● **Exercise data**:
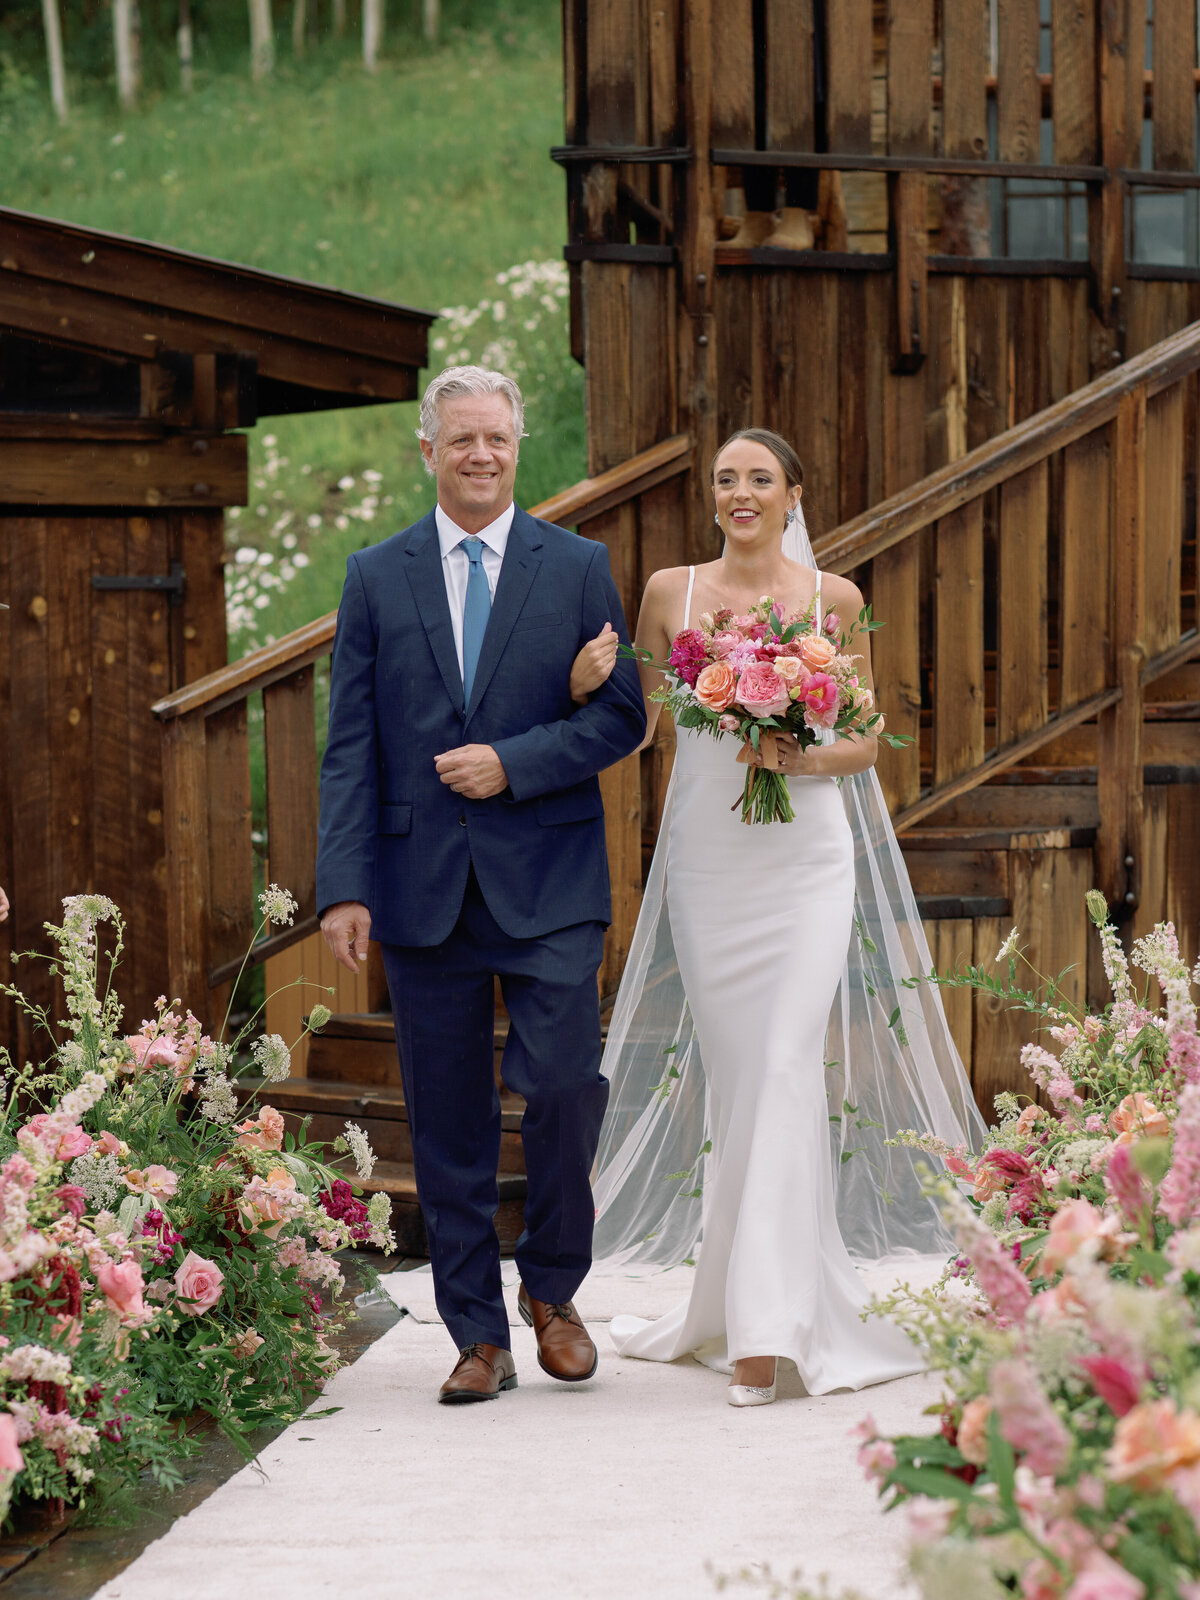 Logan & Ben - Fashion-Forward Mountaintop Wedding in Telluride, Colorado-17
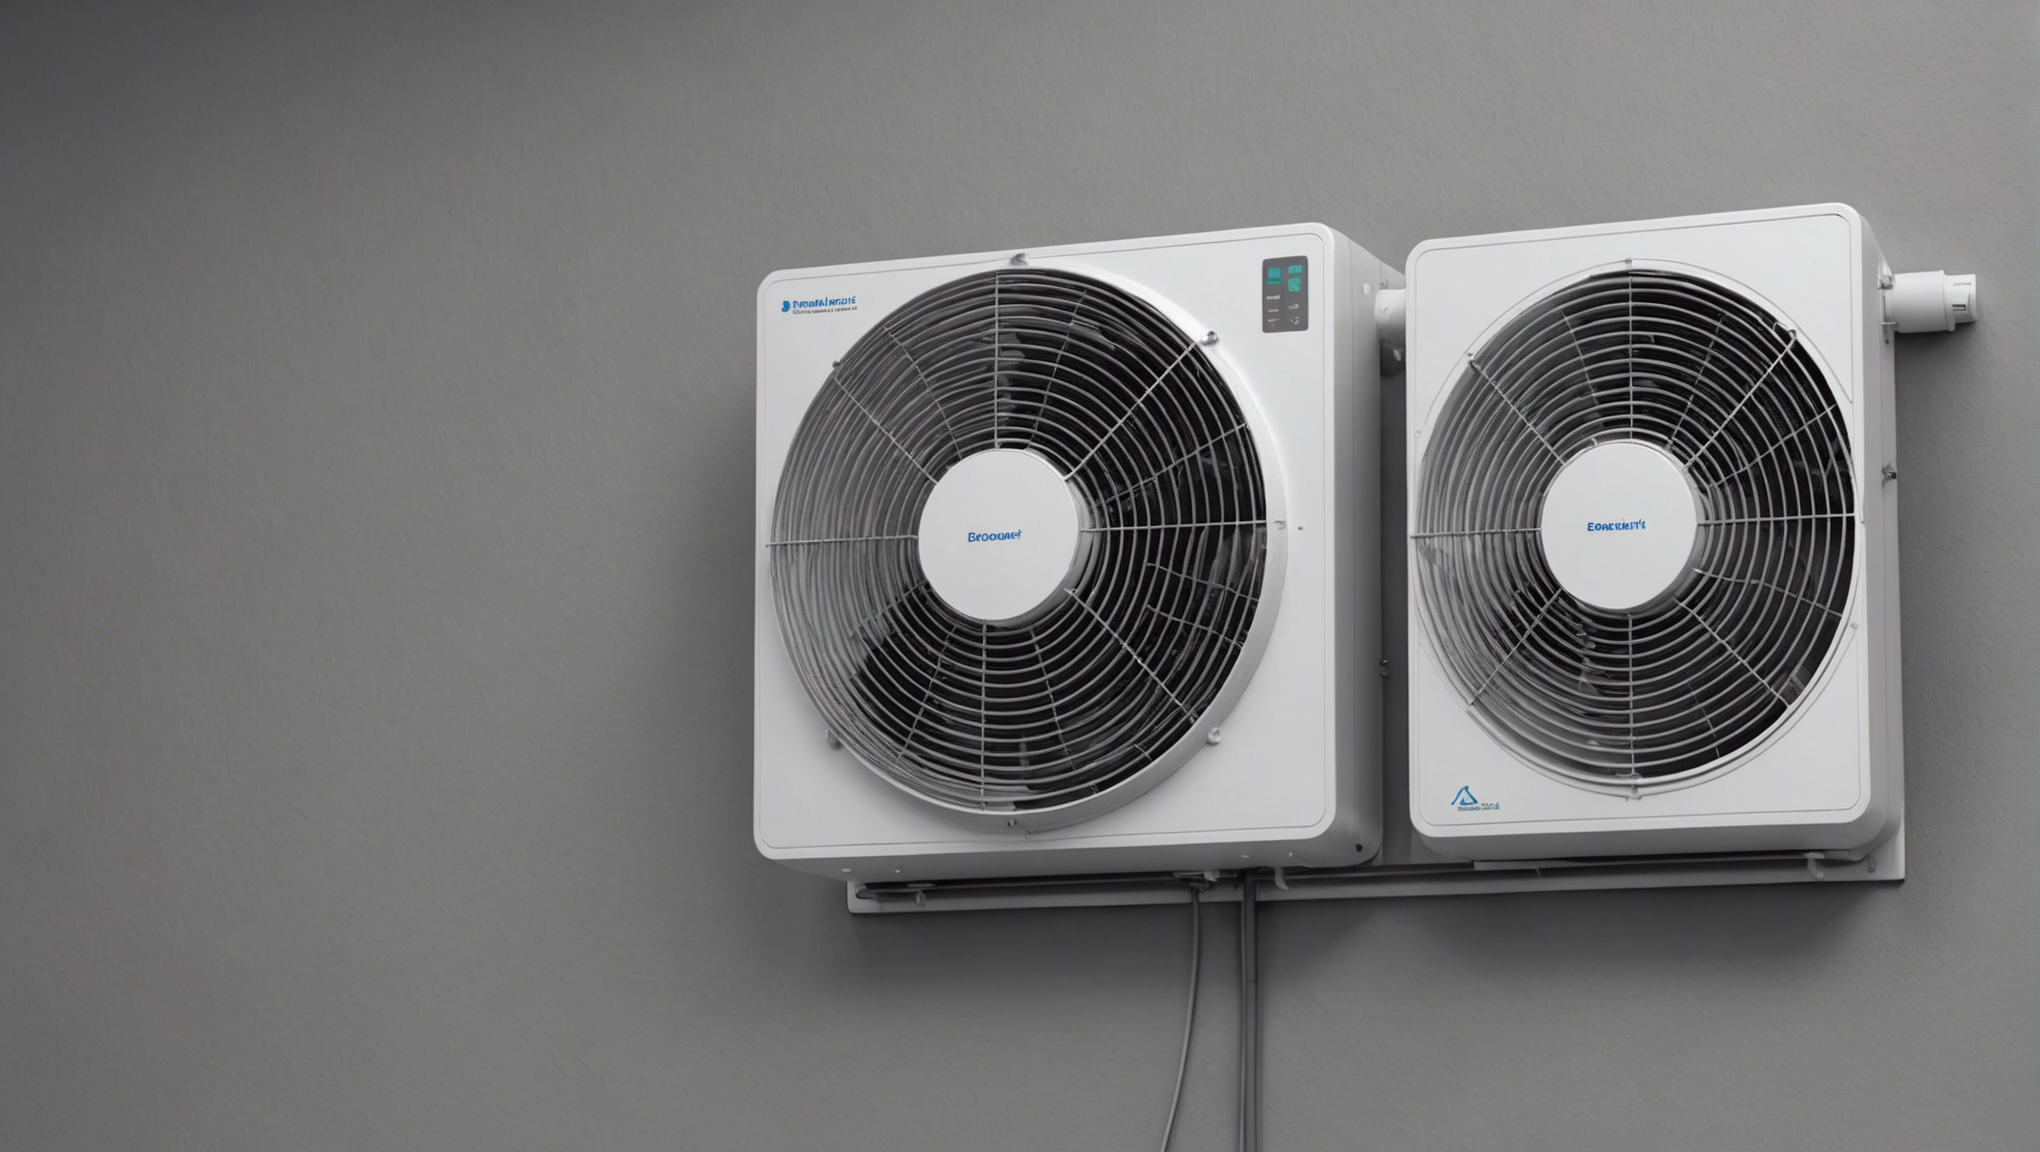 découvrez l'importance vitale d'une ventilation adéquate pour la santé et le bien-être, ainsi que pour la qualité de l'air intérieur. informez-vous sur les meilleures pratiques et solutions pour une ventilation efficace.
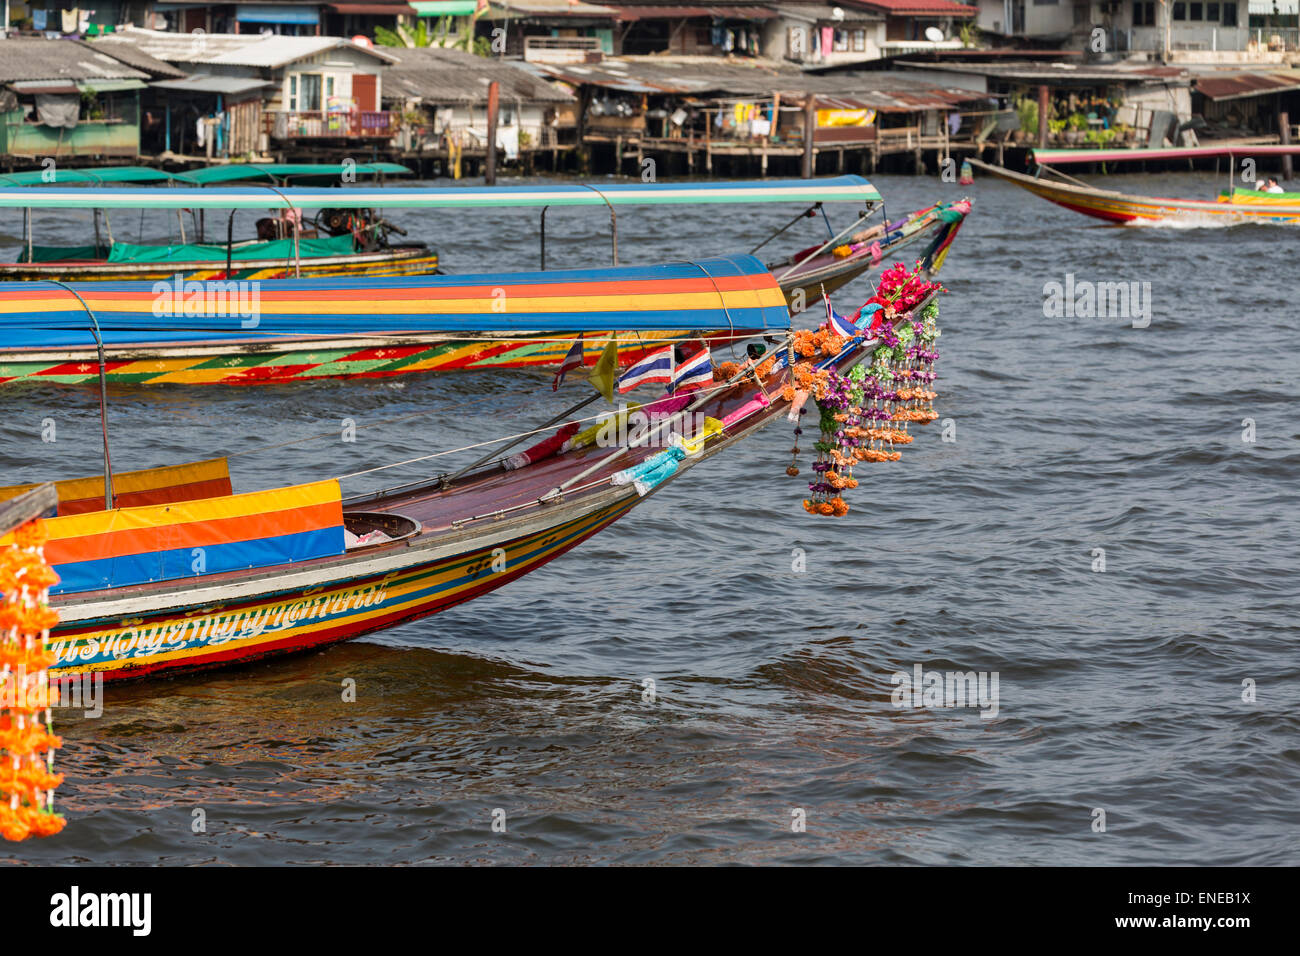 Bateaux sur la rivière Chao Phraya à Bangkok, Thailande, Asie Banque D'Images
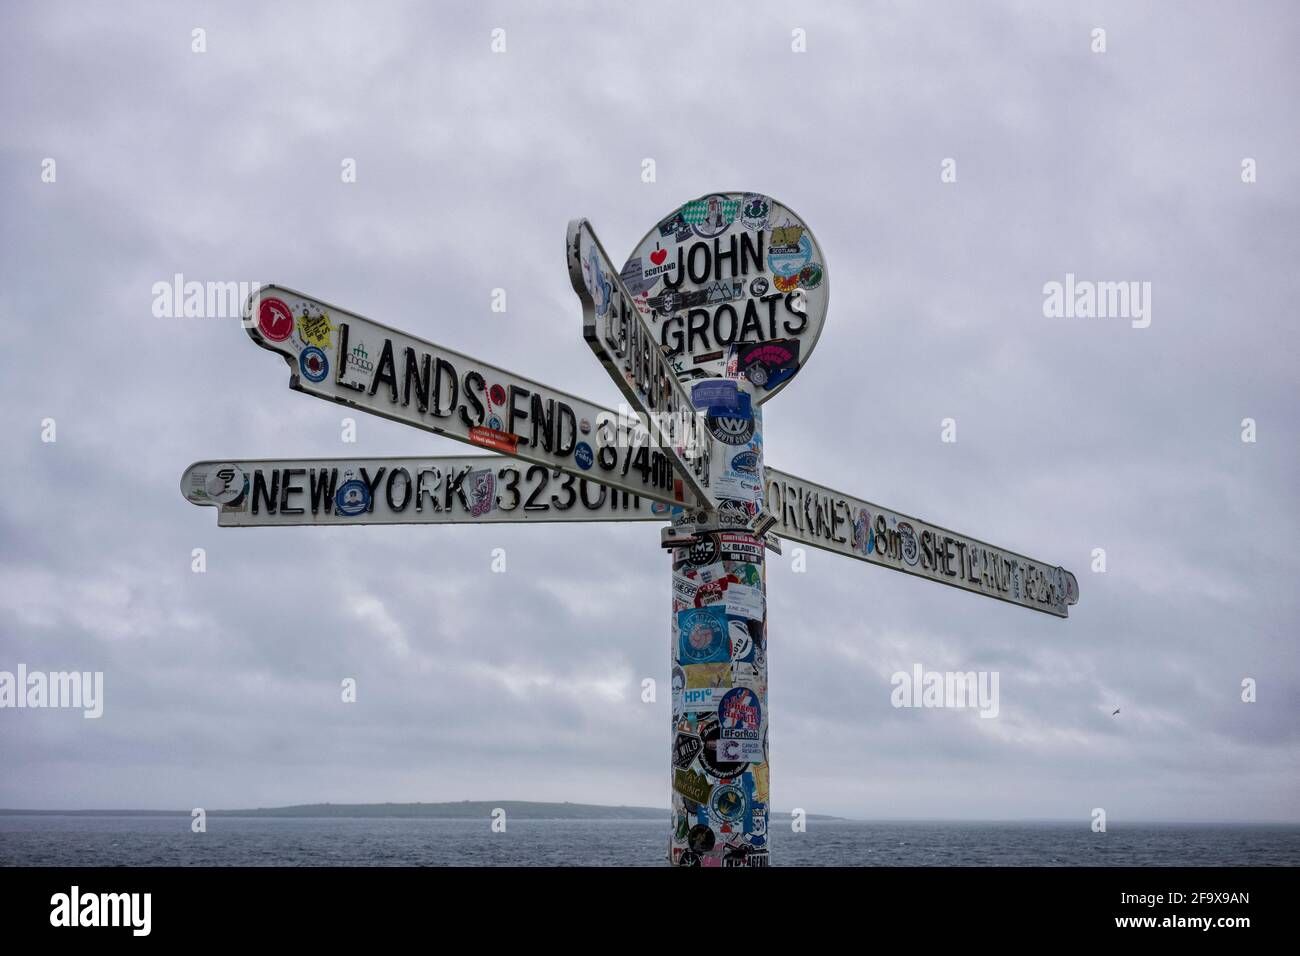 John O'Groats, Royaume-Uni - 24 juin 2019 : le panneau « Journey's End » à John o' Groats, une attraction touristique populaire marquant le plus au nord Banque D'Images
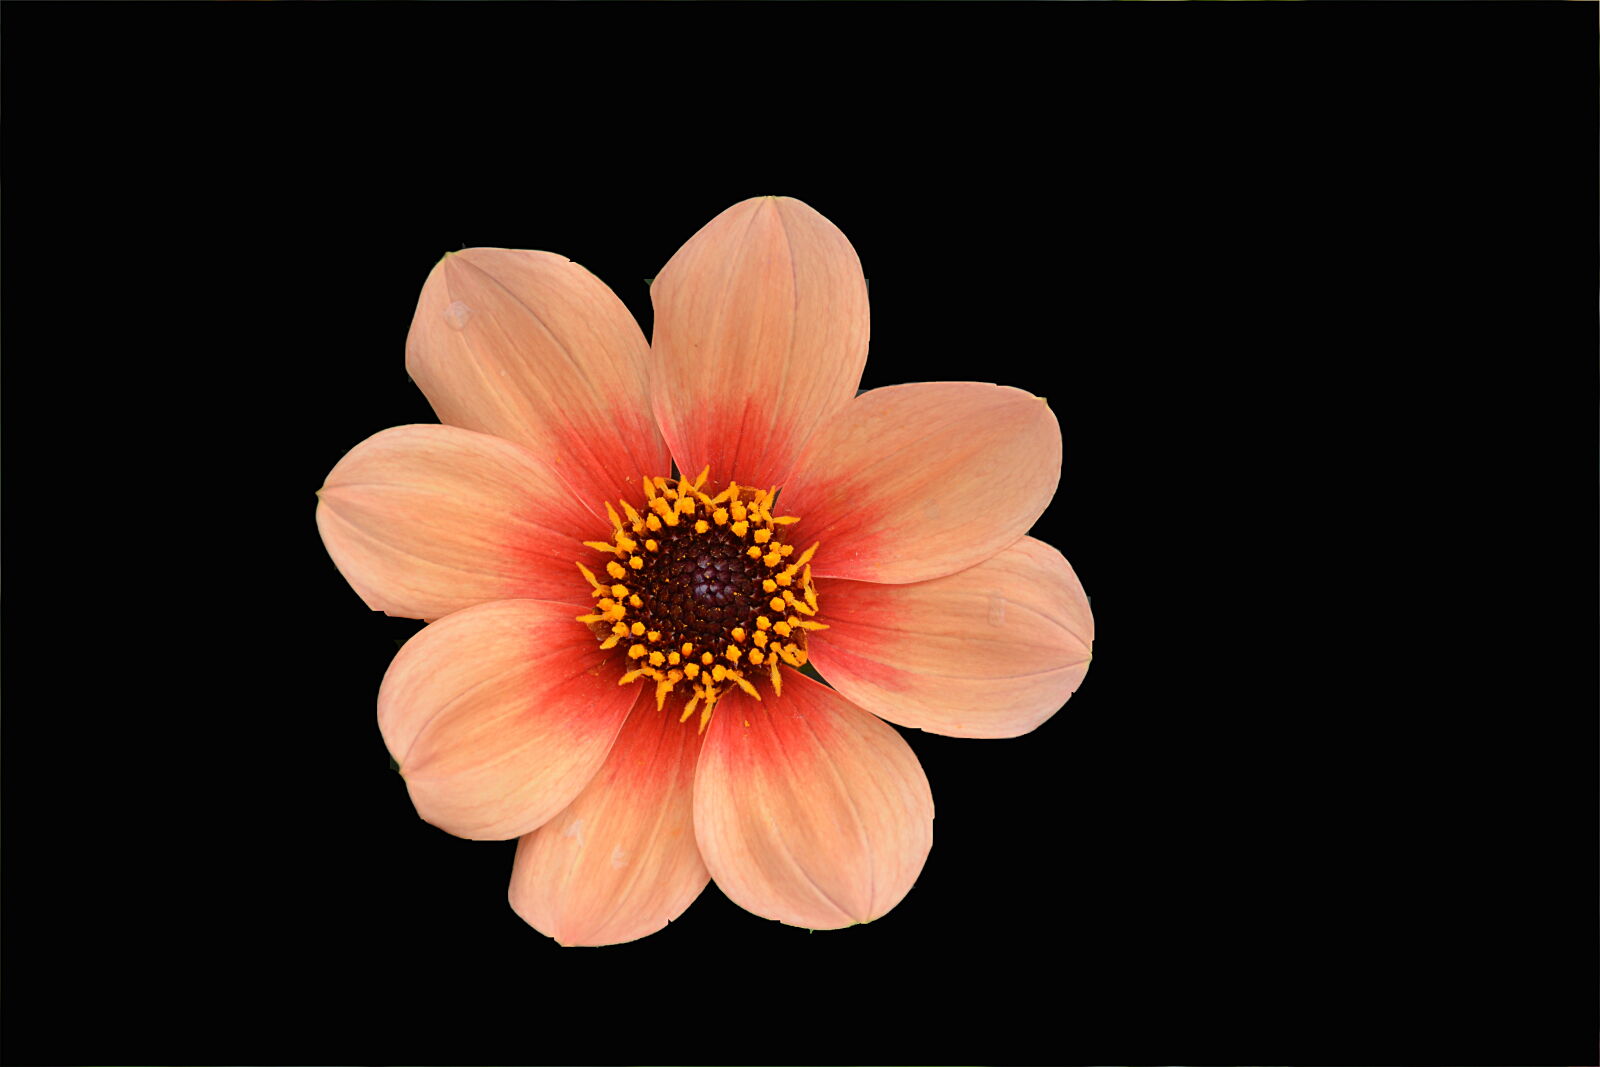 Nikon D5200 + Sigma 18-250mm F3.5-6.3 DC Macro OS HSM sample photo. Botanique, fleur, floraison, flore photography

● **Directions**: Type the records out again in full, exactly, with each picture omitted.

● **Response area**:
 Logan & Ben - Fashion-Forward Mountaintop Wedding in Telluride, Colorado-17
 découvrez l'importance vitale d'une ventilation adéquate pour la santé et le bien-être, ainsi que pour la qualité de l'air intérieur. informez-vous sur les meilleures pratiques et solutions pour une ventilation efficace.
 Bateaux sur la rivière Chao Phraya à Bangkok, Thailande, Asie Banque D'Images
 John O'Groats, Royaume-Uni - 24 juin 2019 : le panneau « Journey's End » à John o' Groats, une attraction touristique populaire marquant le plus au nord Banque D'Images
 Nikon D5200 + Sigma 18-250mm F3.5-6.3 DC Macro OS HSM sample photo. Botanique, fleur, floraison, flore photography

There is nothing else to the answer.